Would you consider allowing him to live inside with his human family?


----------



## Charliethree (Jul 18, 2010)

It is not 'normal' for any dog to viciously attack another dog,(or kill a cat) regardless of 'reason'. Since you have had four dogs that have killed cats (and now a dog) that have crossed the 'invisible' line into your yard, I suggest that you are dealing with frustration and aggression due to the underground fence. Dogs learn by association, whatever they are looking at is responsible for their pain/discomfort. The dog is in effect 'teased' or 'challenged' by the cat or dog wandering outside the fenceline, if it gets too close to the fence line (or crosses it) gets a shock, the shock is associated with the cat (or dog). If the dog knows to avoid he fence, just the frustration of seeing the dog or cat, and not being able to get to it, is frustrating for them. Over time that frustation builds (and the association is reinforced each time it happens) and when 'opportunity knocks' the dog takes his 'revenge'. Suggest you build a physical fence.


----------



## SheetsSM (Jan 17, 2008)

I don't understand the request for "help" when you have your goldens living outside with ample opportunity to hone their craft of repeatedly killing animals smaller than themselves of which your ok with. Are you worried about the neighbor reporting you?


----------



## Lennap (Jul 9, 2010)

SheetsSM said:


> I don't understand the request for "help" when you have your goldens living outside with ample opportunity to hone their craft of repeatedly killing animals smaller than themselves of which your ok with. Are you worried about the neighbor reporting you?


 
I was thinking the same thing - what type of help were you seeking when you started this post? I don't think you are going to read what you want on this board - given that the majority of the people on this board to not advocate the manner in which you keep your dog.

Best of luck to you


----------



## Selli-Belle (Jan 28, 2009)

Although I think most of the forum members (including myself) believe Goldens should be inside dogs, I think your best solution to this problem is to only allow this dog to be within a physically fenced yard. It is far less likely that your neighbor would enter into a fenced yard to say "HI" than come through the invisible fence. Remember, it is an "invisible" fence, meaning he could not see it and likely did not realize it was there. Also, the fact that you had your dog out with an invisible fence implies that your dog is not aggressive. Now you know differently, so there is no excuse for allowing him to be in a situation where he can attack other dogs.
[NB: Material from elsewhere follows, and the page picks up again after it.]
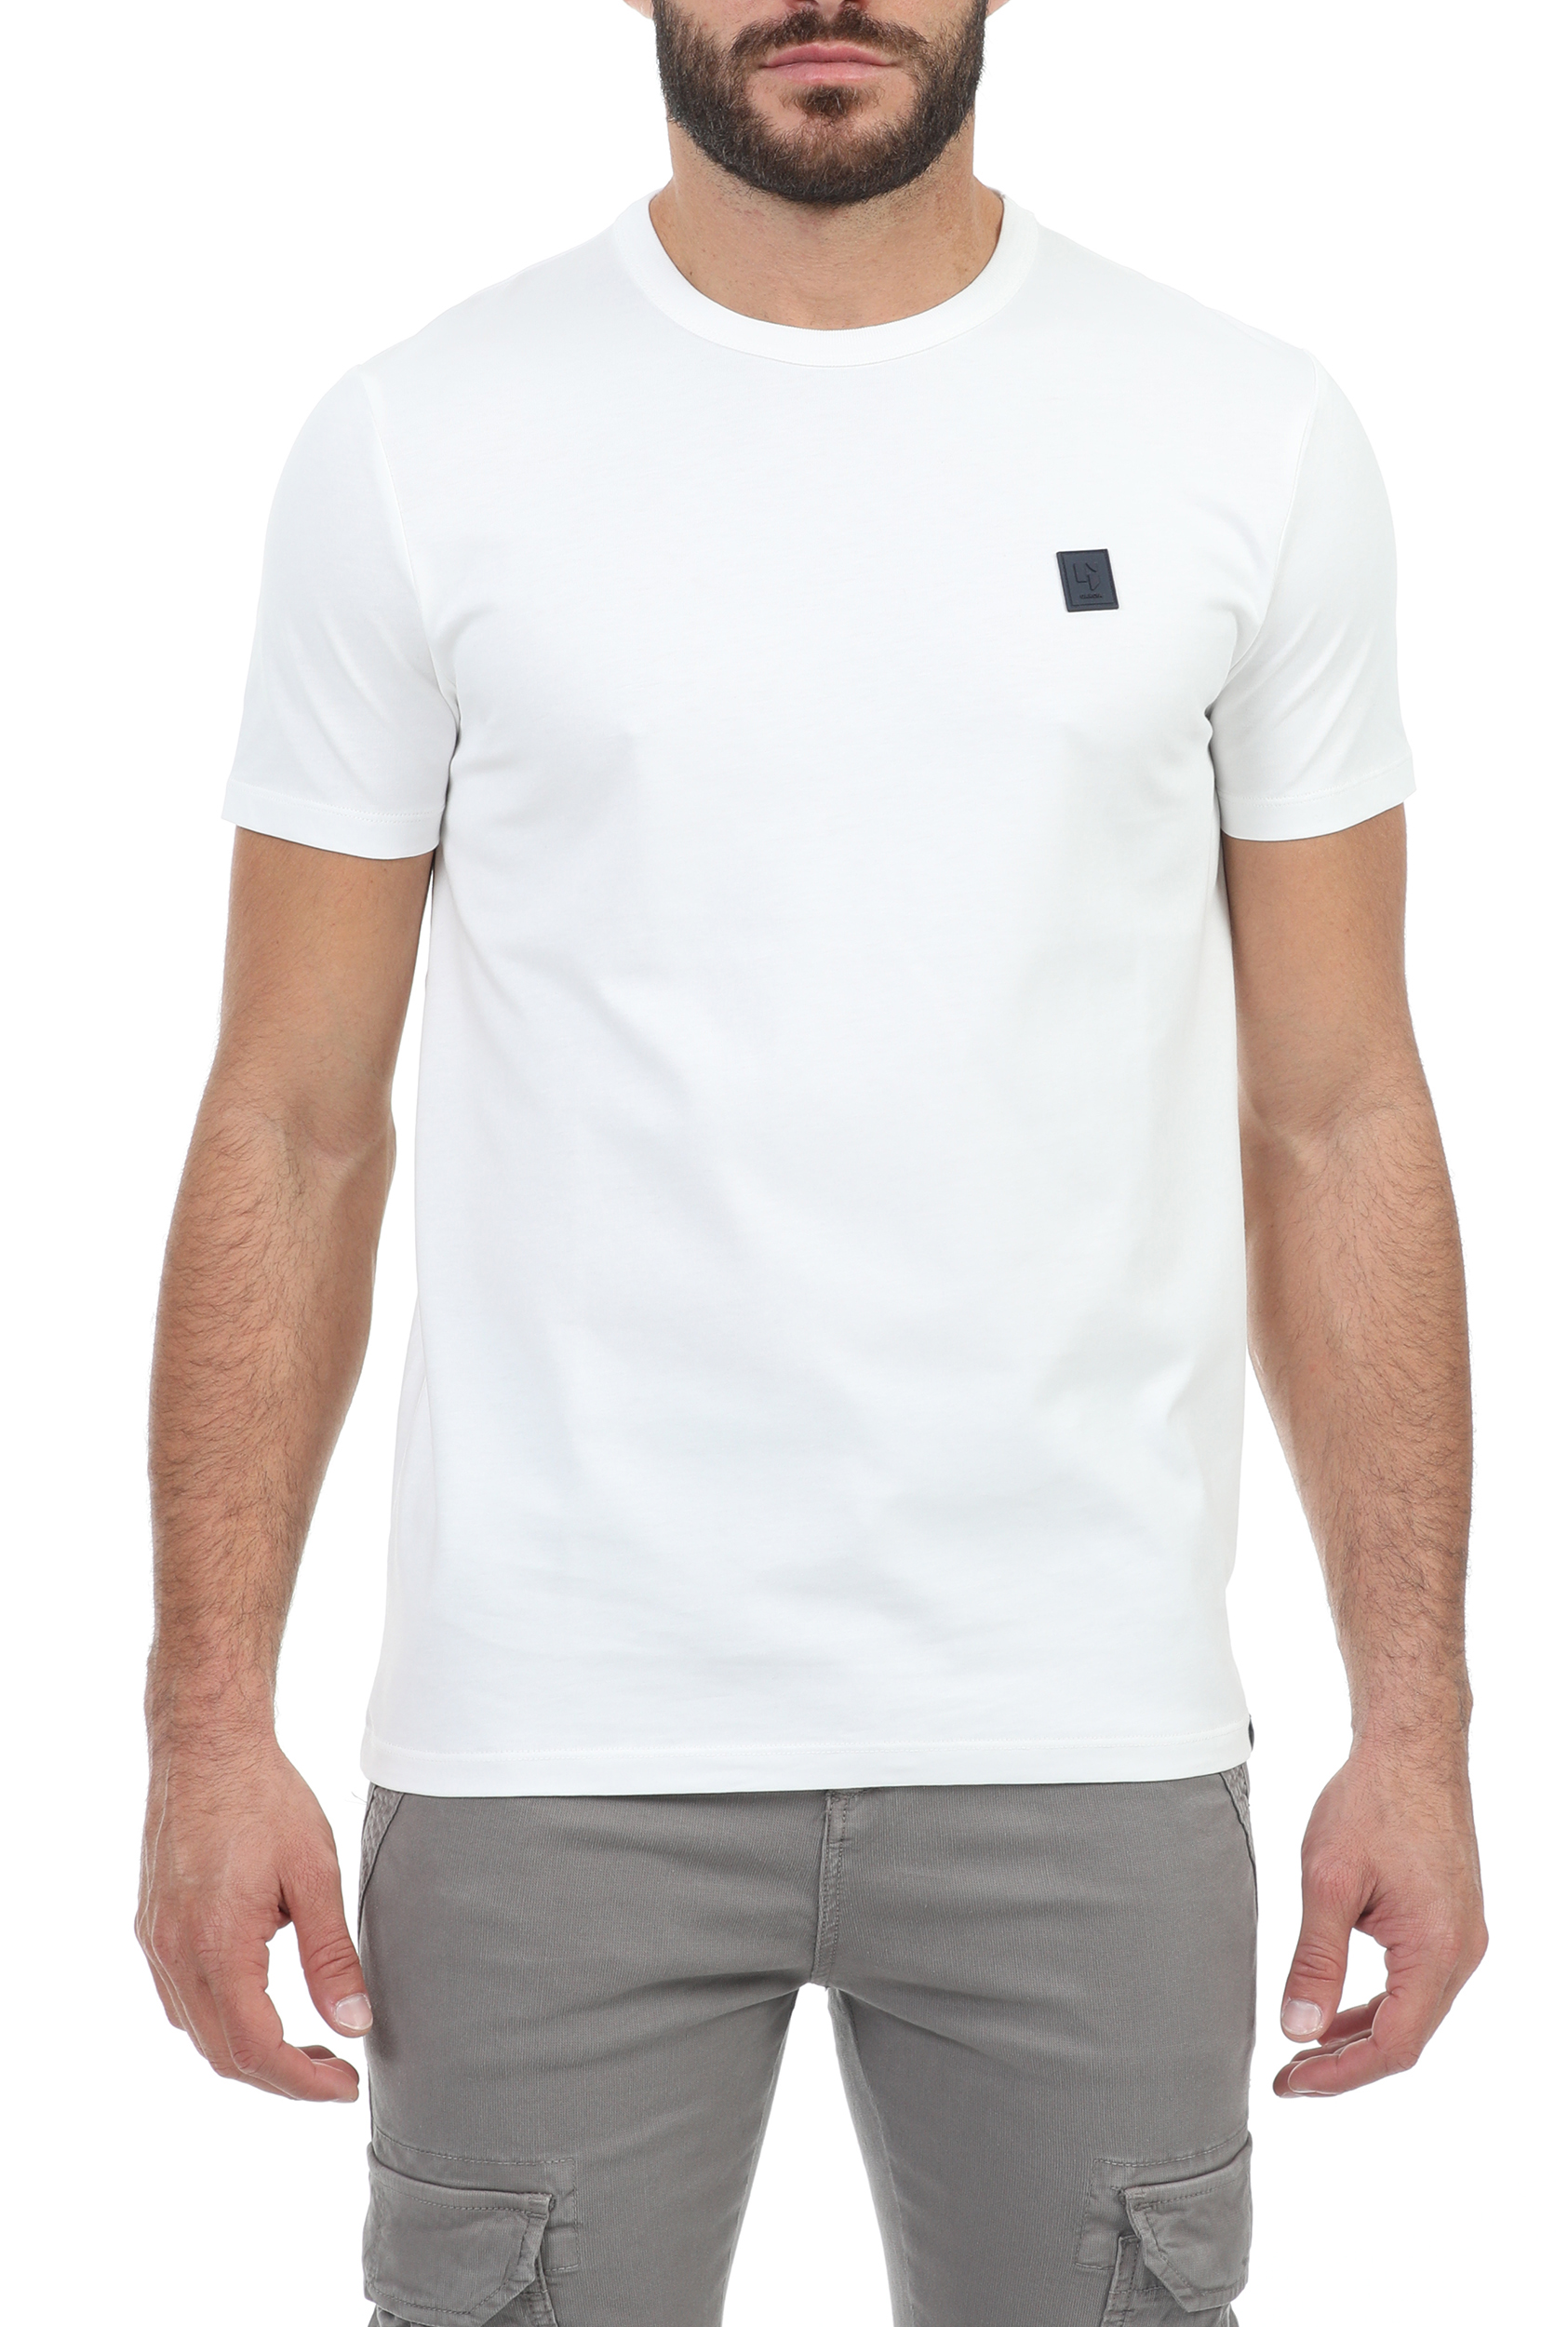 GARCIA JEANS – Ανδρικο t-shirt GARCIA JEANS λευκο
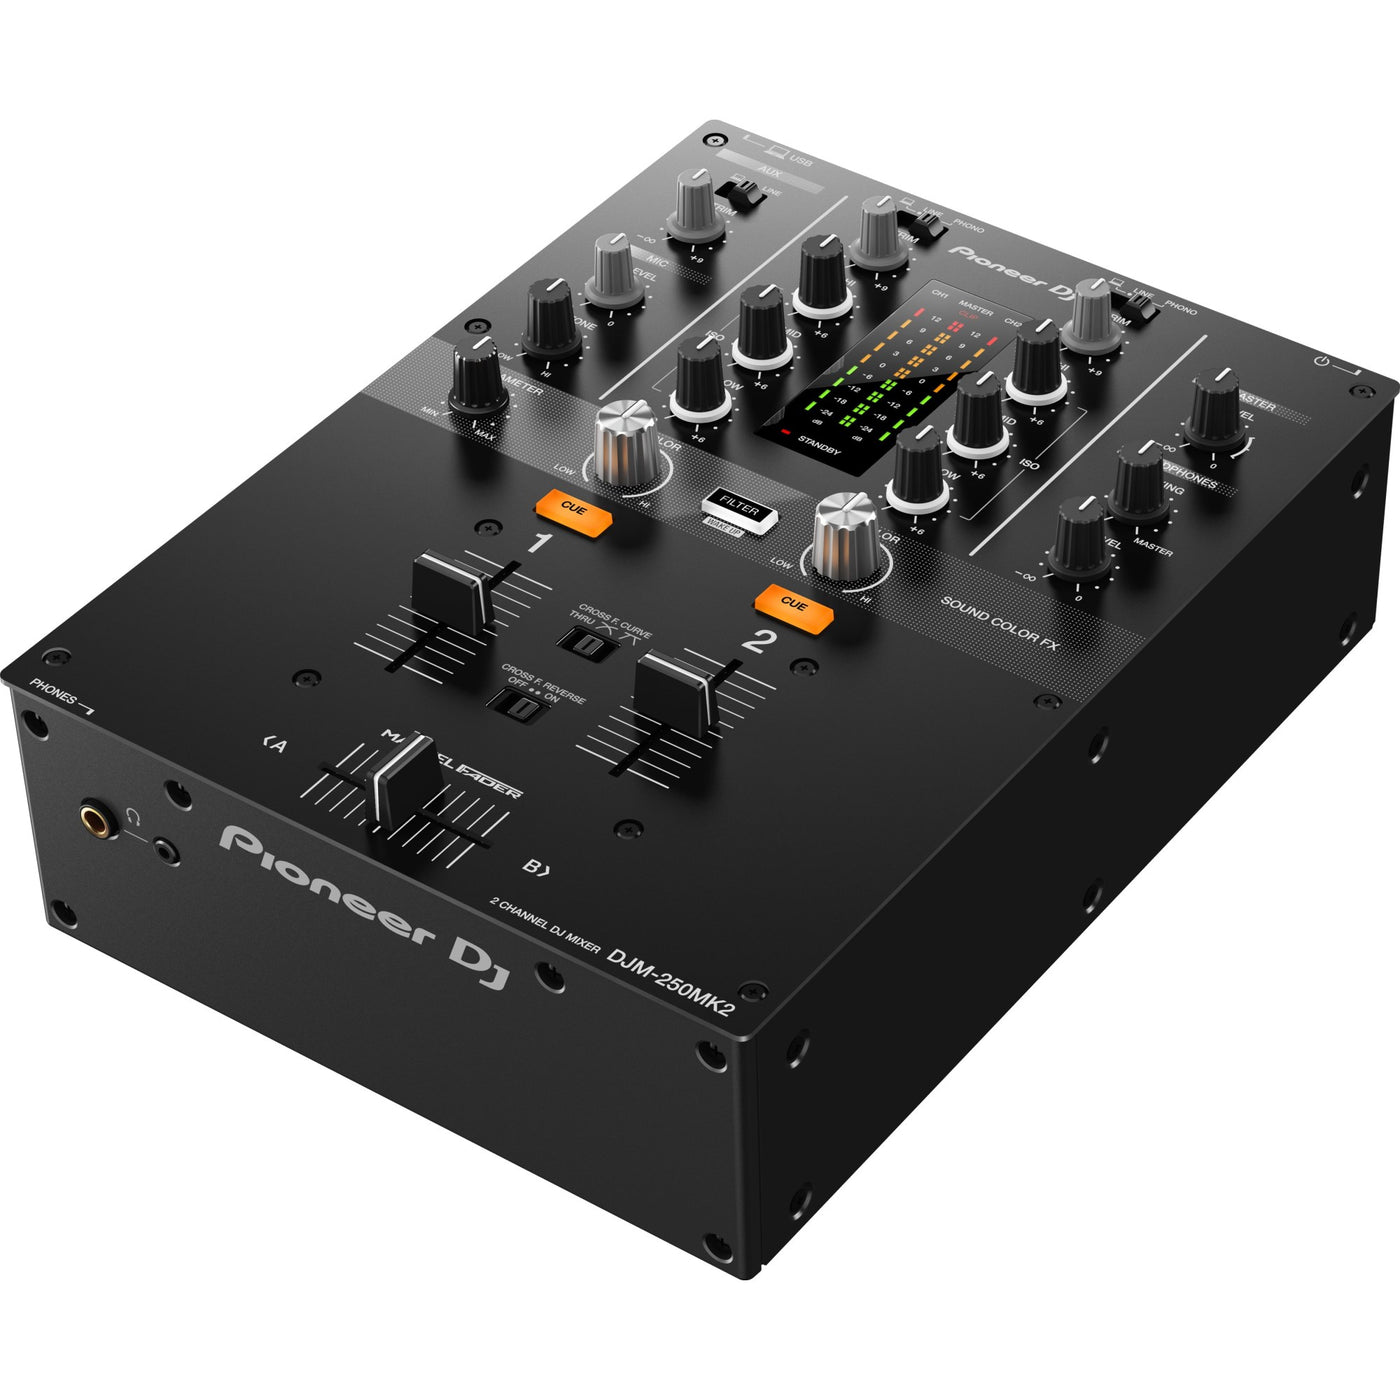 Pioneer DJ DJM-250MK2 2-Channel DJ Mixer with Independent Channel Filter with rekordbox DVS, Professional DJ Equipment Audio Interface Switcher

Is your dog intact? Was the other dog intact? It may be possible that your female is coming into heat, or even if she isn't actually going into heat, she is becoming more sexually mature and other males will become more interested in her. That can make your male even more dangerous. All these things are more reasons to have a physical fence.

As to cats, is there a large population of feral cats where you live? I can see to some extent where a dog might become a cat killer if there was. My dogs have lived and loved inside/outside cats and they knew their cats whether they were inside or outside (our cats would go for walks with us). They would chase cats they did not know outside, but would not attack those cats. If the cat stood still to greet the dogs they would all do a polite greeting and if the cat reacted aggressively, they would back WAAAAY off.

Back to Goldens in general. They should NOT be killers of dogs, it demonstrates poor temperament. However, this dog has killed another dog and MUST be contained to prevent him from harming another dog. As to danger to humans, being dog/dog aggressive does not necessarily mean he will ever bee human aggressive. Most Pit Bulls would never hurt a human even if they are dog aggressive. However, the fact that this dog has used his teeth to resolve his problems and is of a breed that should NEVER do that, might suggest that he will do the same thing if his problem is with a human.


----------



## willows pack (Apr 14, 2012)

I wouldn't want an outdoor dog either but everyone has different lifestyles...the dog does sound like he thinks his job is to protect the perimeter unfortunately. Now that he has killed another dog...and this wasn't a tiny fluff dog where you could pass it off as mistaken for a cat or other...you will have to keep very diligent about the yard...big warning signs etc and I would consider a muzzle on walks outside the property unless you think you have full control over him in those situations. I didn't think Goldens killed cats...very unfortunate situation.


----------



## goldhaven (Sep 3, 2009)

Philips5 said:


> I never questioned his temperament until this happened. He does (usually) greet people with a smile, tongue out, and tail wagging. My two year old grandson plays with him and as rough as he gets is a lick on the face. We had a rummage sale, people brought leashed dogs with them, and he was fine.
> 
> 
> Sent from my iPhone using Petguide.com Free App


A dog that I knew for a fact, killed cats, and had killed another dog, would never be allowed to play with my grandchildren. Your dog is not just attacking or biting to subdue. He is attacking to kill. IMO this is much more dangerous and I would never take the chance that it may happen to a child. 
One quick question that may have already been answered but I haven't seen, were you right there when it happened and was an attempt made to break up the fight?


----------



## goldhaven (Sep 3, 2009)

Charliethree said:


> It is not 'normal' for any dog to viciously attack another dog,(or kill a cat) regardless of 'reason'. Since you have had four dogs that have killed cats (and now a dog) that have crossed the 'invisible' line into your yard, I suggest that you are dealing with frustration and aggression due to the underground fence. Dogs learn by association, whatever they are looking at is responsible for their pain/discomfort. The dog is in effect 'teased' or 'challenged' by the cat or dog wandering outside the fenceline, if it gets too close to the fence line (or crosses it) gets a shock, the shock is associated with the cat (or dog). If the dog knows to avoid he fence, just the frustration of seeing the dog or cat, and not being able to get to it, is frustrating for them. Over time that frustation builds (and the association is reinforced each time it happens) and when 'opportunity knocks' the dog takes his 'revenge'. Suggest you build a physical fence.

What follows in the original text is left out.